Italian entrepreneur (born 1947)

Carla Sozzani (born 29 June 1947) is an Italian book and magazine editor, gallerist, and businesswoman. She founded the Galleria Carla Sozzani in 1989 and is the creator of 10 Corso Como, an art and fashion establishment in Milan.

==Early life and education==
Sozzani was born in Mantua in 1947. Her younger sister Franca Sozzani (1950–2016) was the editor-in-chief of Vogue Italia from 1988 to 2016.

She obtained a degree in economics from Bocconi University in Milan.

==Career==
While attending university in the late 1960s and early 1970s, Sozzani began working as an editor for several Italian fashion magazines.
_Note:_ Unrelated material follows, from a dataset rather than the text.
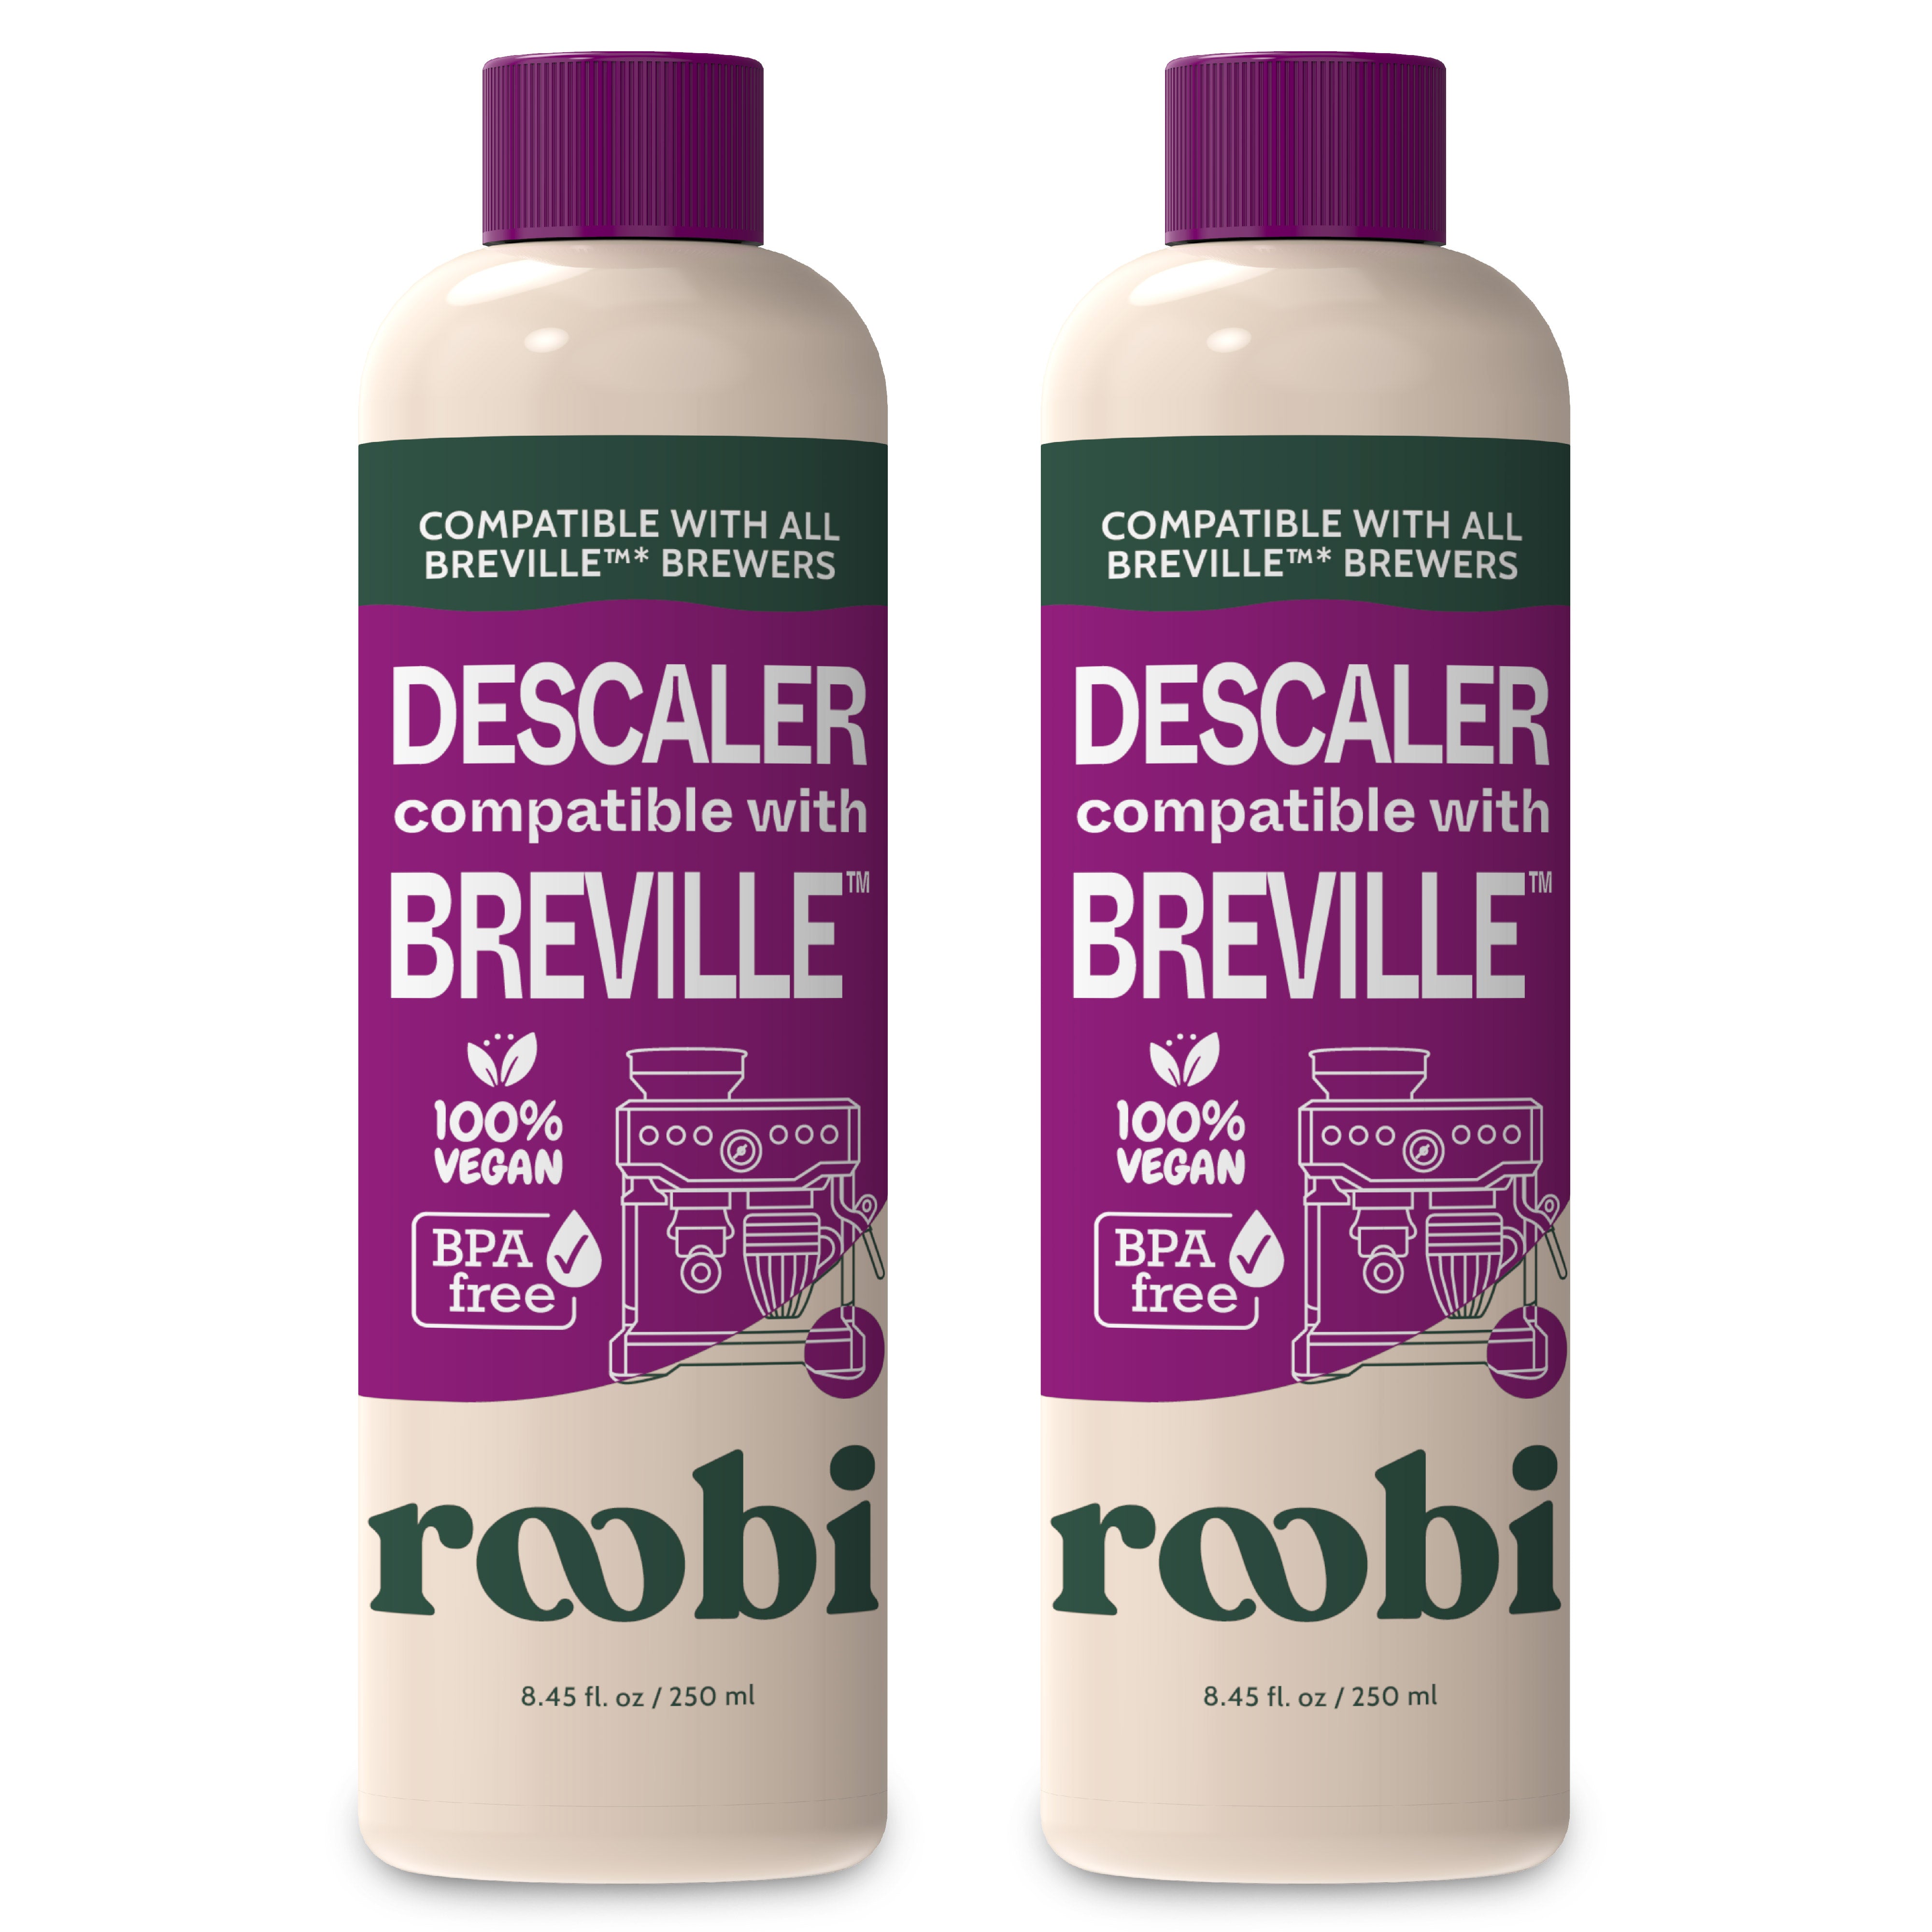 Descaler & Cleaner (6 Uses) - MADE IN USA - Descaling Solution for Keurig  Brewers, Nespresso, Delonghi, Breville & All Coffee Makers & Espresso

In the following decade, Sozzani served as editor-in-chief for all of Italian Vogues special issues, collaborating with photographers and artists such as Sarah Moon, Herb Ritts, Bruce Weber, Paolo Roversi, Robert Mapplethorpe, William Wegman, and Deborah Turbeville.

In 1986, Sozzani left Italian Vogue and was appointed by Alexander Liberman as editor-at-large for American Vogue in Italy.

In 1987, Sozzani launched and edited the Italian edition of Elle. In 1989, she met American artist Kris Ruhs, beginning both a professional and personal relationship. In 1990, she founded the Galleria Carla Sozzani at 10 Corso Como in Milan. The gallery primarily focused on photography and published exhibition catalogues and books on the work of Walter Albini, Pierre Cardin, Rudi Gernreich, Paco Rabanne, as well as numerous photographers. She subsequently oversaw more than 250 exhibitions of photography and design, showcasing the works of artists such as Man Ray, Horst, Annie Leibovitz, Helmut Newton, David La Chapelle, Jean Prouvé, Marc Newson, Shiro Kuramata, Loretta Lux and Robert Polidori.

In 1991, Sozzani's gallery at 10 Corso Como was expanded to include a fashion and design store, a larger bookstore, a city garden café-restaurant, a hotel named Three Rooms, and a rooftop garden.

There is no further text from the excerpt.